Stam Metalúrgica
- Industry: Metallurgy
- Founded: March 1, 1971; 55 years ago in Nova Friburgo, Rio de Janeiro
- Key people: Helena Herdy Faria
- Products: Padlocks, locks, and hinges
- Website: stam.com.br

= Stam Metalúrgica =

Stam Metalúrgica is a Brazilian manufacturer of padlocks, locks, and hardware, headquartered in the Conselheiro Paulino district of Nova Friburgo, in the state of Rio de Janeiro. Founded in 1971, it is considered the largest manufacturer in the industry in Brazil and has one of the most modern industrial complexes in Latin America, with approximately 40,000 square meters of floor space.

The company has more than 1,500 employees.

== History ==
The business was founded in March 1, 1971 by Francisco Faria, starting in a small family-run shed. Initially, Stam broke new ground by using Zamac in the production of its products, which allowed it to offer competitive prices compared to the market leaders at the time. After the founder's death, management passed to his wife, Helena Herdy Faria, and his son, Rogério Faria.

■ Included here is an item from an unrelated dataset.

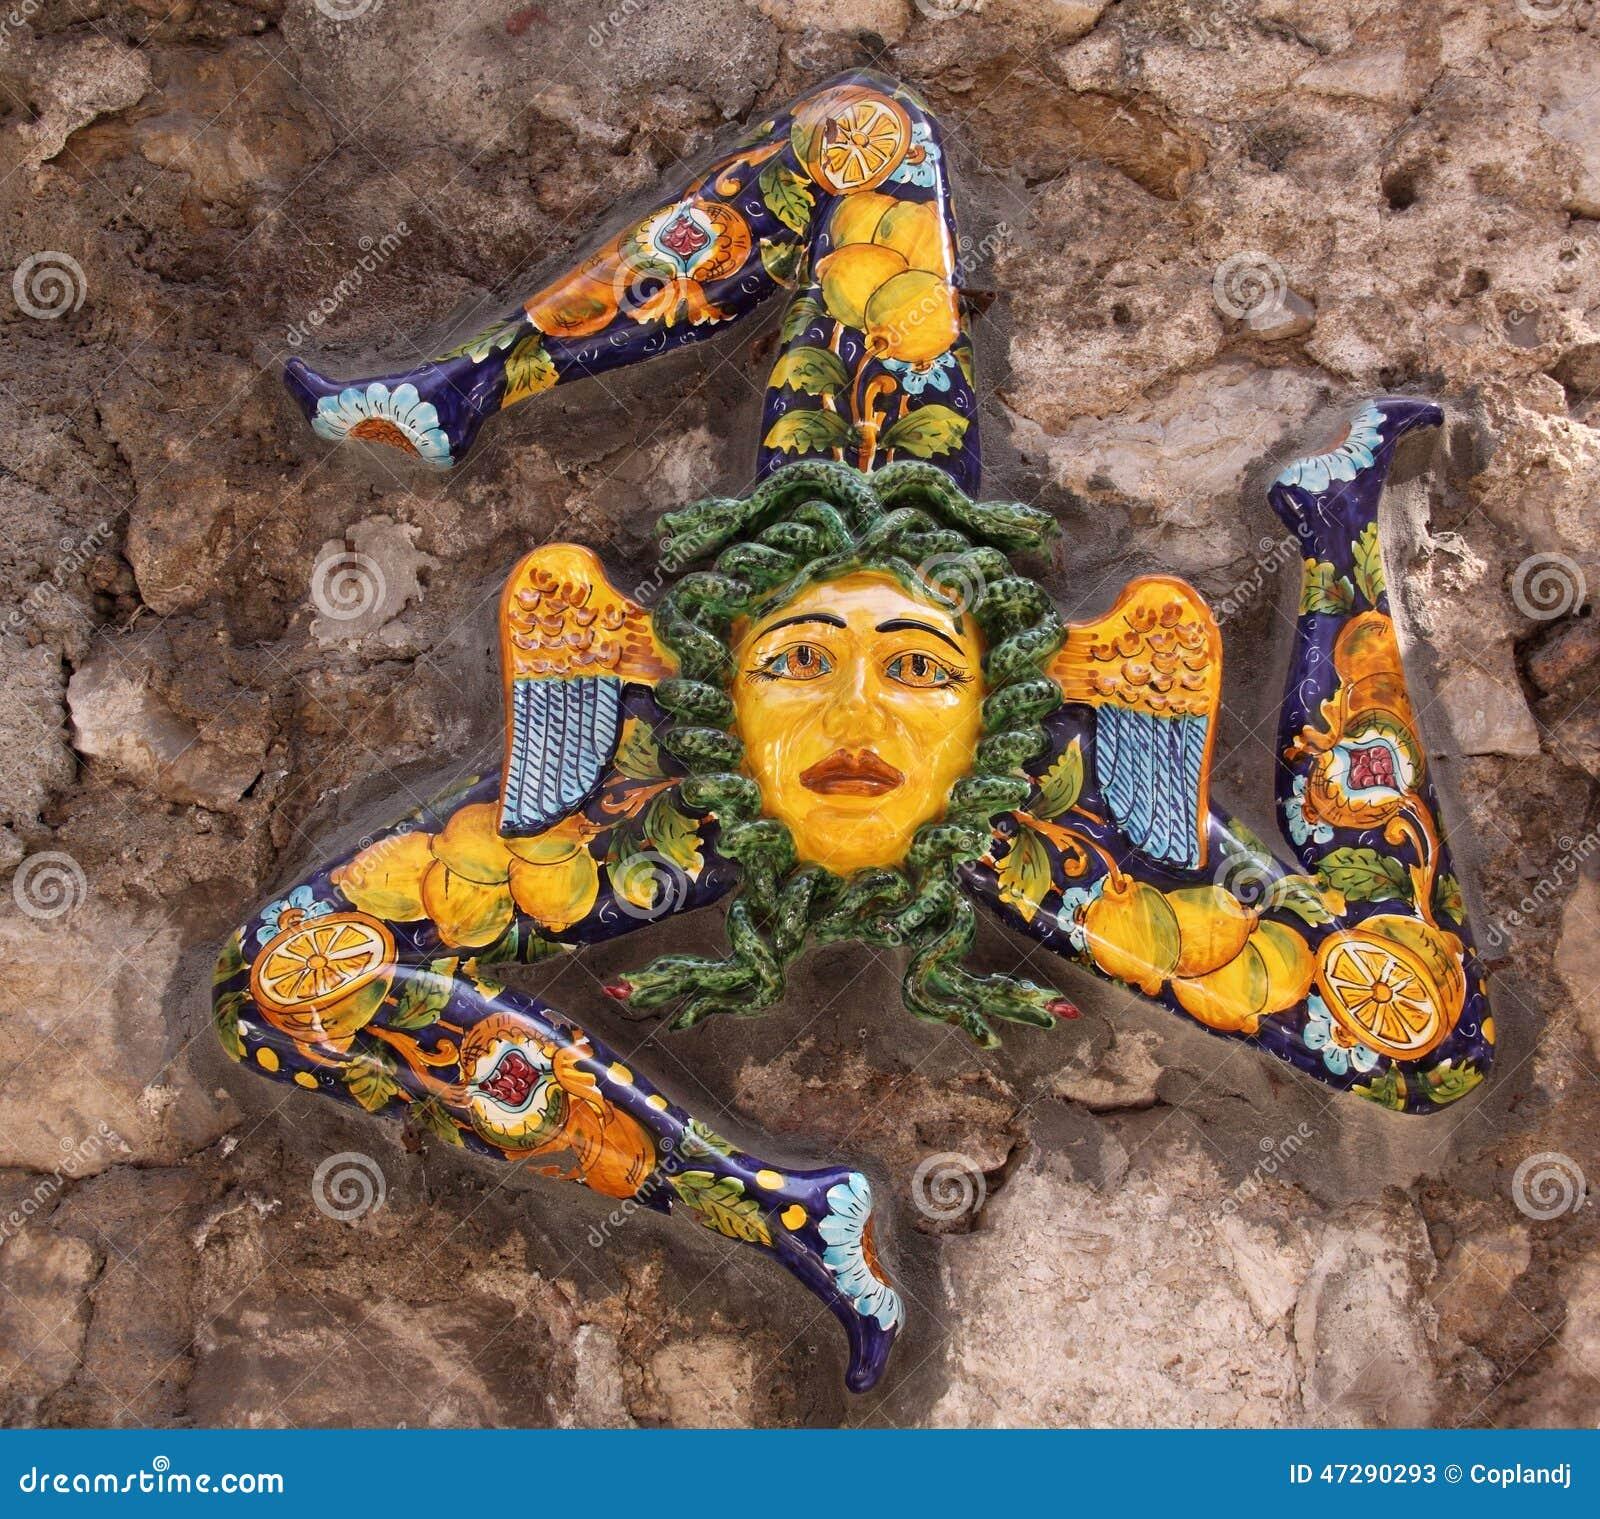 Troina Italy  City pictures : Italy, Sicily, Taormina. Trinacria the ancient symbol of Sicily in ...

In 2025, on its 54th anniversary, the company reached the milestone of 1,500 employees, with more than 93% of its workforce consisting of residents of Nova Friburgo. Stam exports to countries such as Bolivia, Paraguay, Uruguay, Peru, and Ecuador.

== Awards ==
In 2025, the company received the Anamaco Award. It also received international recognition through the 2025 iF Design Award.

== Social Projects ==
Since 2006, the company has been running the Gol de Placa project, a nonprofit organization that serves approximately 200 children and teenagers in Nova Friburgo through sports.